Он рассеянным взглядом обвел светелку. У него было озабоченное лицо. Выходя в дверь, он споткнулся о порог и разбудил Гашу. Она испуганно вскочила с постели и схватилась руками за щеки, будто стыдясь своего румянца.

– Ты пошто здесь? – раздался за дверьми изумленный возглас Прокопия. И сразу же вслед другое, его же, сокрушенное восклицание: – Охти-мнешеньки! Так и есть! Главное запамятовал! Идем скорей назад…

С этими словами он опять появился на пороге. За ним показалось длинное безжизненное лицо рыжебородого меньшака.

Увидав проснувшуюся Гашу, которая стыдливо упрятывала растрепавшиеся темно-русые волосы под красный тафтяной повойник, Прокопий несколько смешался и затеребил бородку. Потом улыбнулся своей детской улыбкой и сказал Гаше:

– Касатушка, выдь на время в сад!

Гаша накинула на голову белый убрусец и бесшумно выскользнула в дверь.

Проводив ее своим всегдашим внимательным взглядом, Прокопий обернулся к Кучковне и, показывая на тощие ноги меньшака, сказал:

– Дозволь ему, боярыня, сесть: не держат его лутошки… Садись, кузнец, садись! Вот тут на столе и раскладывай. Разложишь – уйдешь, ляжешь в телегу и отдышишься. Ох, не помял ли?

Меньшак поставил на стол плоский, обтянутый телячьей кожей баульчик с двумя медными застежками, какие бывают на толстых церковных книгах.

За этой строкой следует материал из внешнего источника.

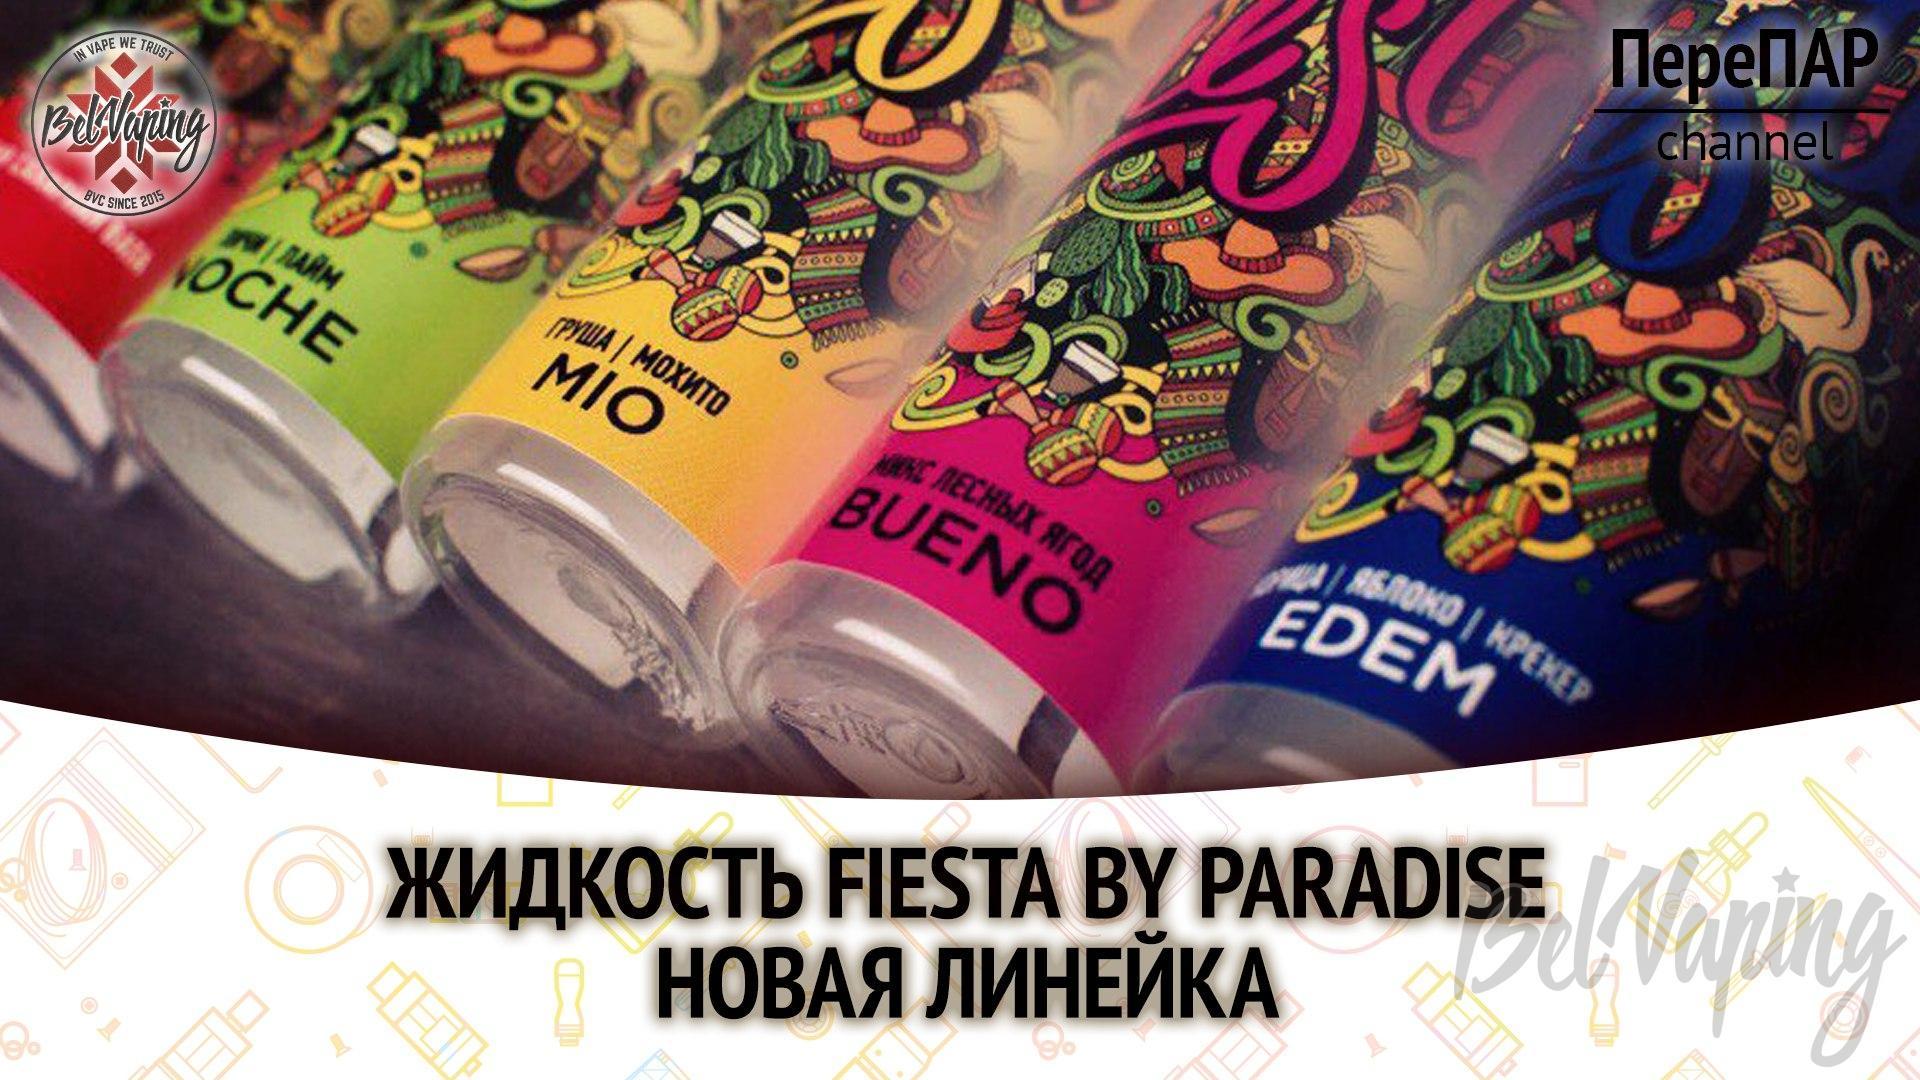 Жидкости Fiesta от Paradise Family

Бескровные веснушчатые пальцы от слабости заметно тряслись, но работали тем не менее необычайно проворно и дружно. Отомкнув застежки, они подняли крышку, обитую сысподу белым заячьим мехом.

Все нутро баула заполняла примятая крышкой ярко-вишневая атласная подушка. Тонкие, длинные пальцы, подобравшись под нее с двух краев, осторожно выпростали ее из баула и положили на стол, отряхнув приставшие к атласу белые волоски. Это оказалась не подушка, а мелко простеганный пуховичок, которым был закутан в три слоя какой-то голубой шелковый сверток.

Бледные руки с еще большим береженьем вынули голубой сверток из пуховичка и, размотав тонкий шелковый плат, отогнули угол черной бархатной пелены, богато расшитой серебром и отороченной серебряным же подзором.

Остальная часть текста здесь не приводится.